### STORED DATA
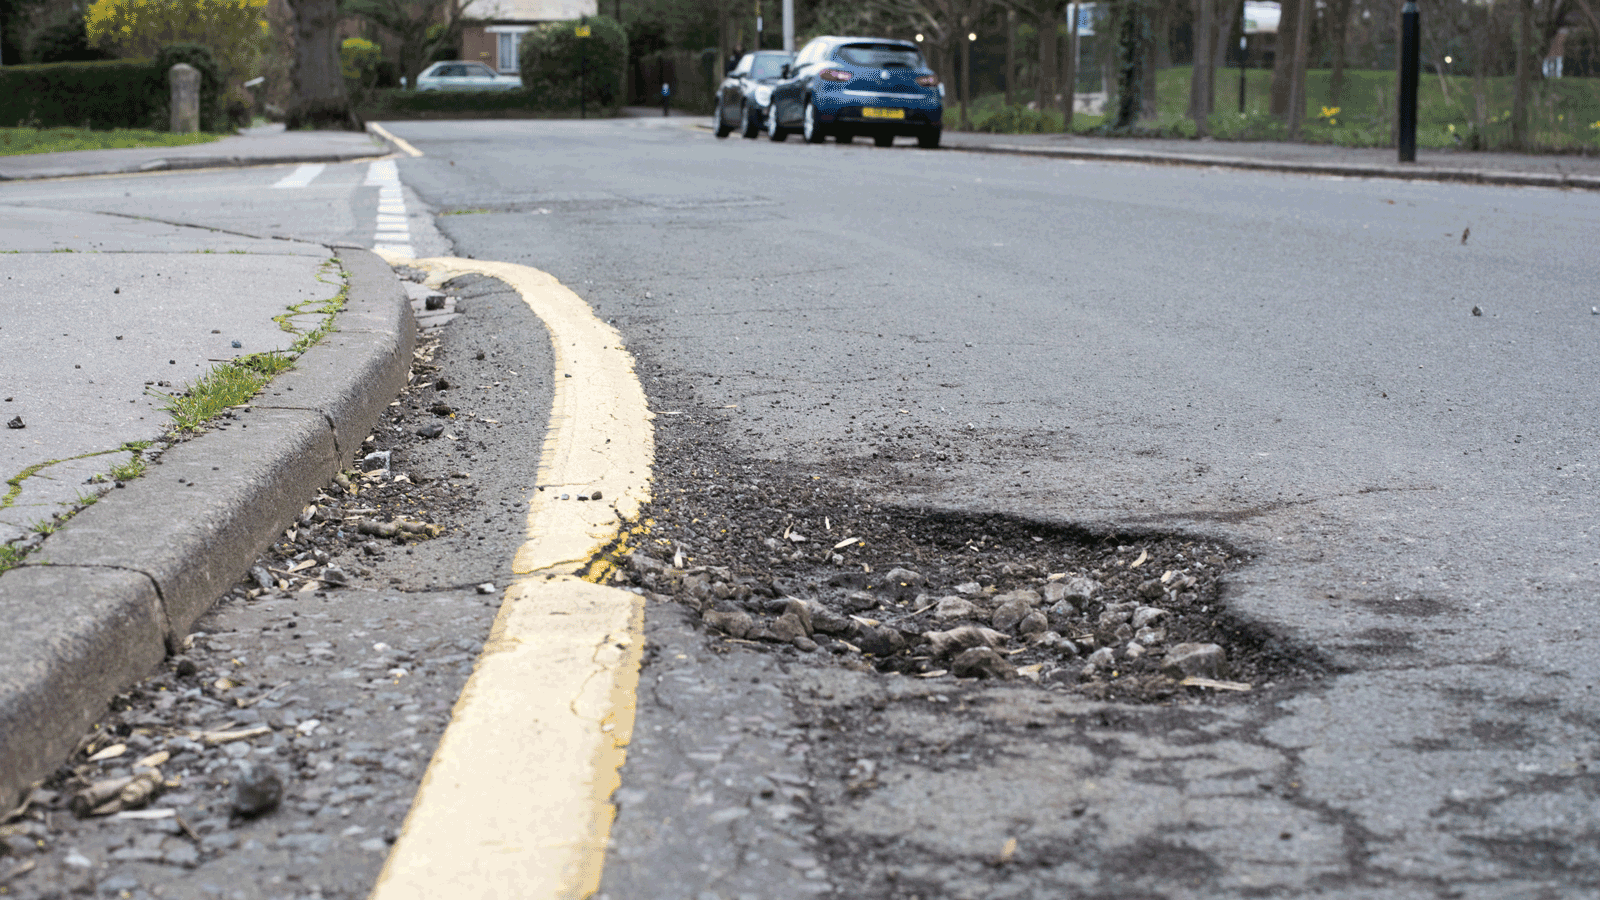 Lack of data hampers efforts to fix UK’s pothole problem, watchdog finds
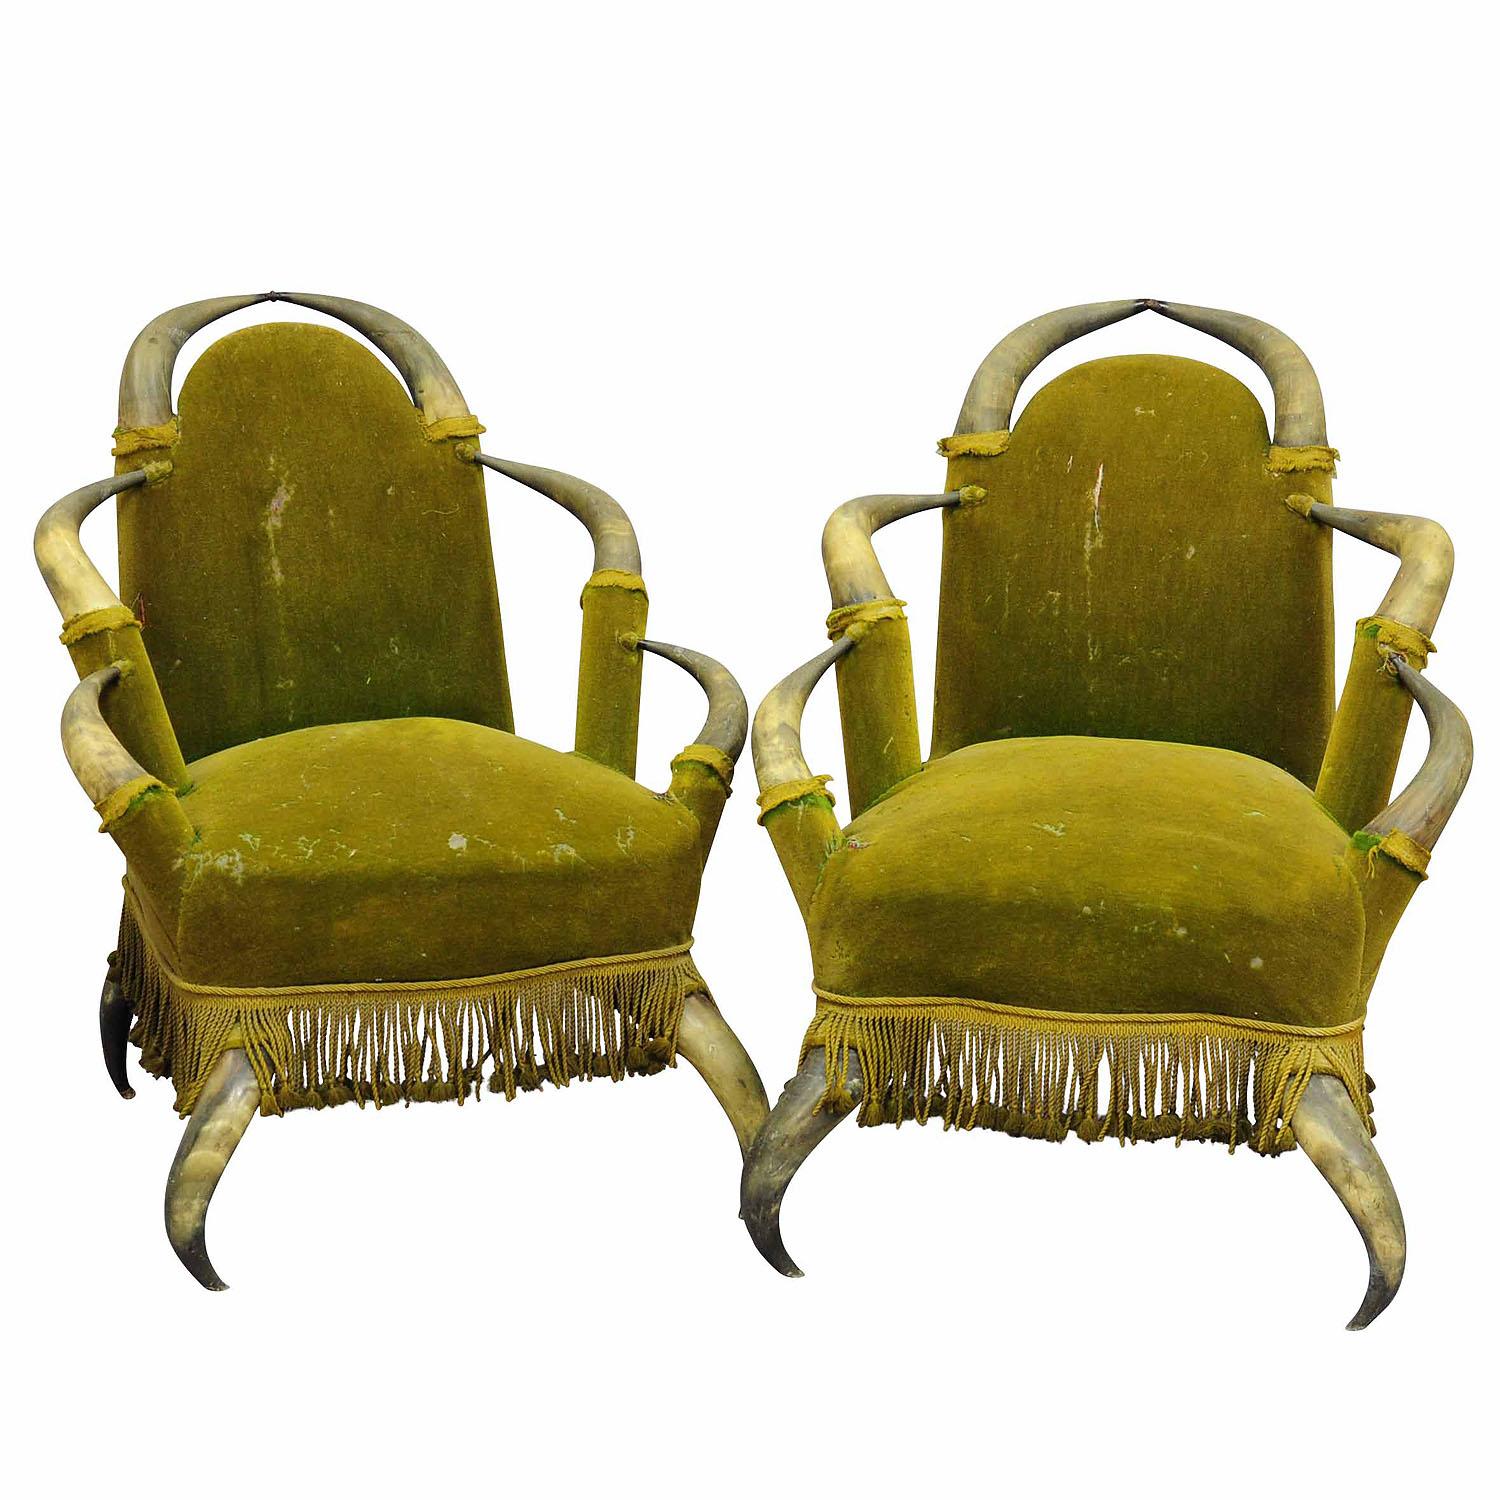 Paire de chaises anciennes en corne de taureau Autriche 1870

Paire de chaises anciennes en corne de taureau, provenant d'une villa noble en Autriche. Les sièges sont en velours vert antique. Les chaises sont en état d'origine non restauré, le tissu

### WHAT TO PRODUCE
Transcribe the whole listing exactly as it stands, apart from the pictures.

### SOLVED EXERCISE
 Lack of data hampers efforts to fix UK’s pothole problem, watchdog finds
 Paire de chaises anciennes en corne de taureau Autriche 1870

Paire de chaises anciennes en corne de taureau, provenant d'une villa noble en Autriche. Les sièges sont en velours vert antique. Les chaises sont en état d'origine non restauré, le tissu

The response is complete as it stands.